Getting their feet wet

Opening Reno's first indoor swim school isn't an exercise for the faint of heart.

In fact, says Katie Reding-Hall with only a tiny nod to the obvious play on words, you pretty much need to jump right in.

Hall, who with her husband, Tim Hall, this week opens Silver Bear Swim School at 8755 Technology Way in the South Meadows neighborhood, took the plunge.

The centerpiece of the 6,000-square-foot school is a 35- by 45-foot pool a tenant improvement that would give many a landlord pause before signing a lease.

Instead of facing those questions from a landlord, the school's owners purchased two units in the Alimar Development Corp. project.

Their decision to buy early construction hadn't started on the project when they inked the papers paid off as the building was engineered from the start to support a swimming pool.

Still, says Alimar President Len Marsh, "It was a leap of faith. That's a special-use facility."

The leap appears to be paying off for Reding-Hall, a one-time captain of the University of California swim team whose dream created Silver Bear Swim School.

The school's first classes are nearly filled as Silver Bear opens its doors, even though the school is opening during the season that private and public outdoor pools offer a busy schedule of lessons.

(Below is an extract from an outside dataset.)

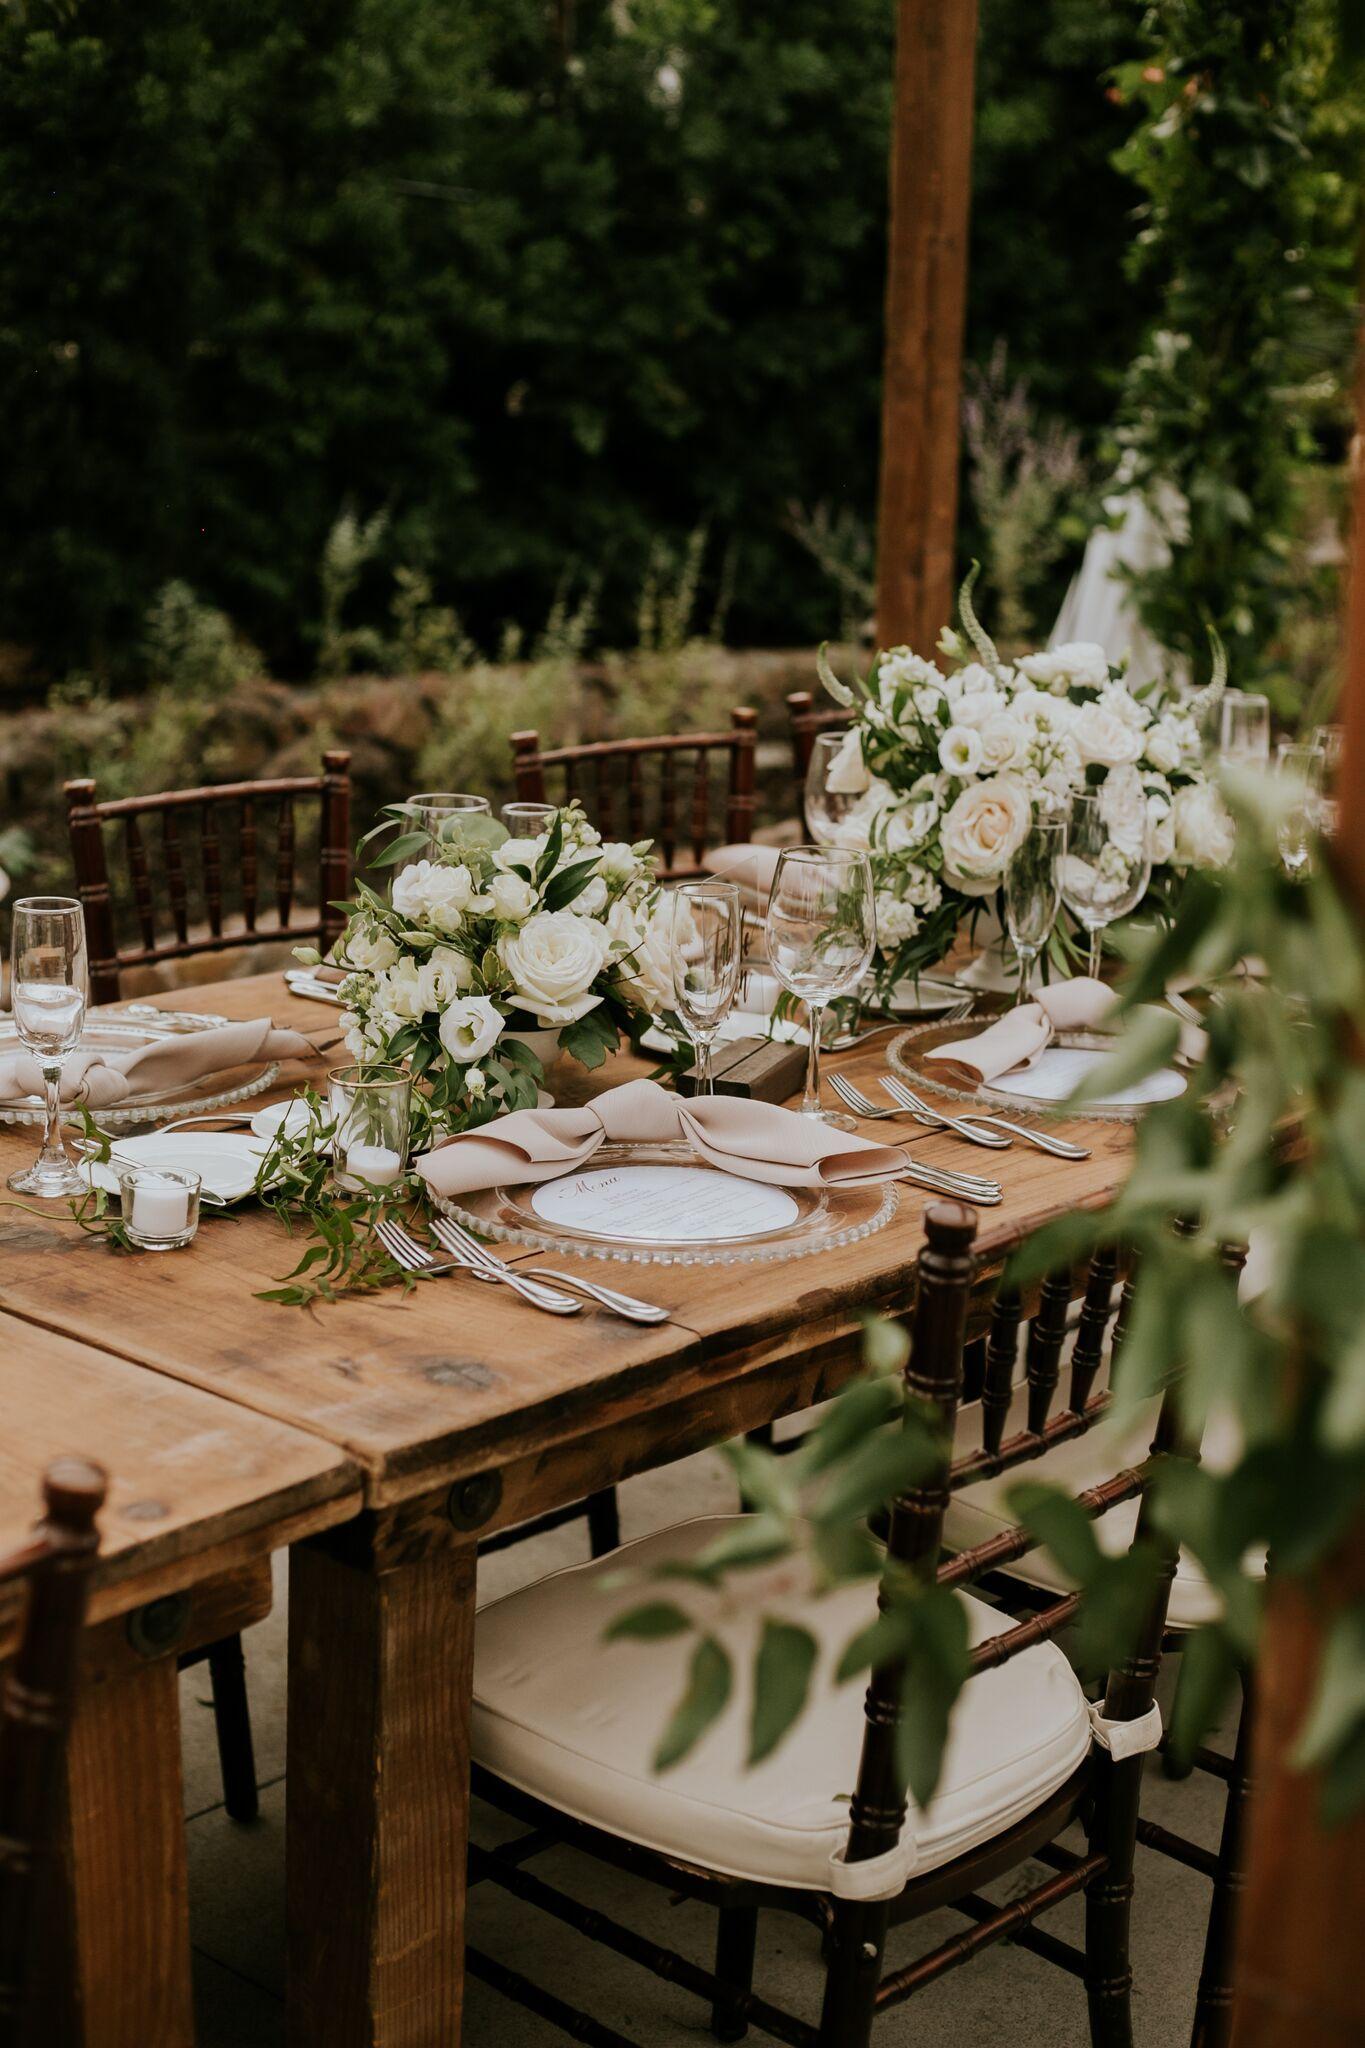 More Rentals Inc San Diego Table Rentals San Diego Wedding Rentals Southern C Garden Theme Wedding Wedding Table Decorations Wedding Southern California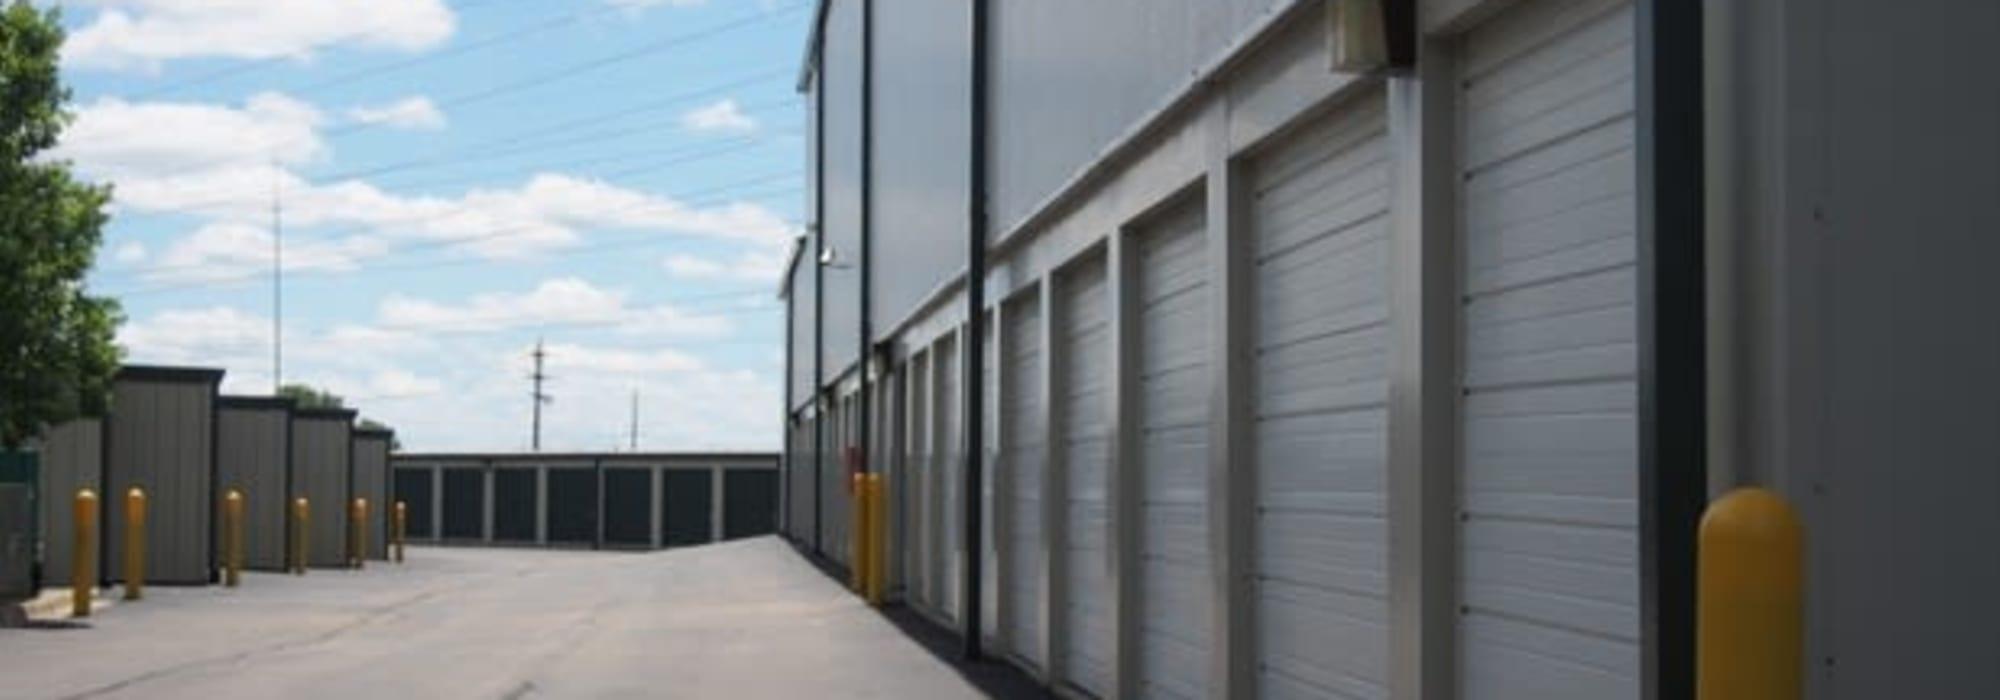 Drive-up Storage units at Michigan Storage Centers in Farmington Hills, Michigan

Reding-Hall says the mom-network the word of mouth that spreads from one play group to another generated much of the school's enrollment. A few flyers in a pediatric office and a Web site supported the informal buzz.

The center's pitch to parental decisionmakers: Its facility is designed exclusively for teaching. No lap swimmers chopping up the water nearby. Classes are available for kids as young as 6 months. The highly structured curriculum reflects the thinking of Hall and her friends who run swim centers throughout the country.

In selecting the school's staff of 15 full- and part-time employees, Reding-Hall says, "I was looking for people who are great with students."

The couple spent more than a year putting the swim school together, working around the needs of an infant son born just as they got serious.

The baby provided some additional motivation to get the job done.

"We see so much need for kid-oriented things in the area," Reding-Hall says. "We want to be part of that."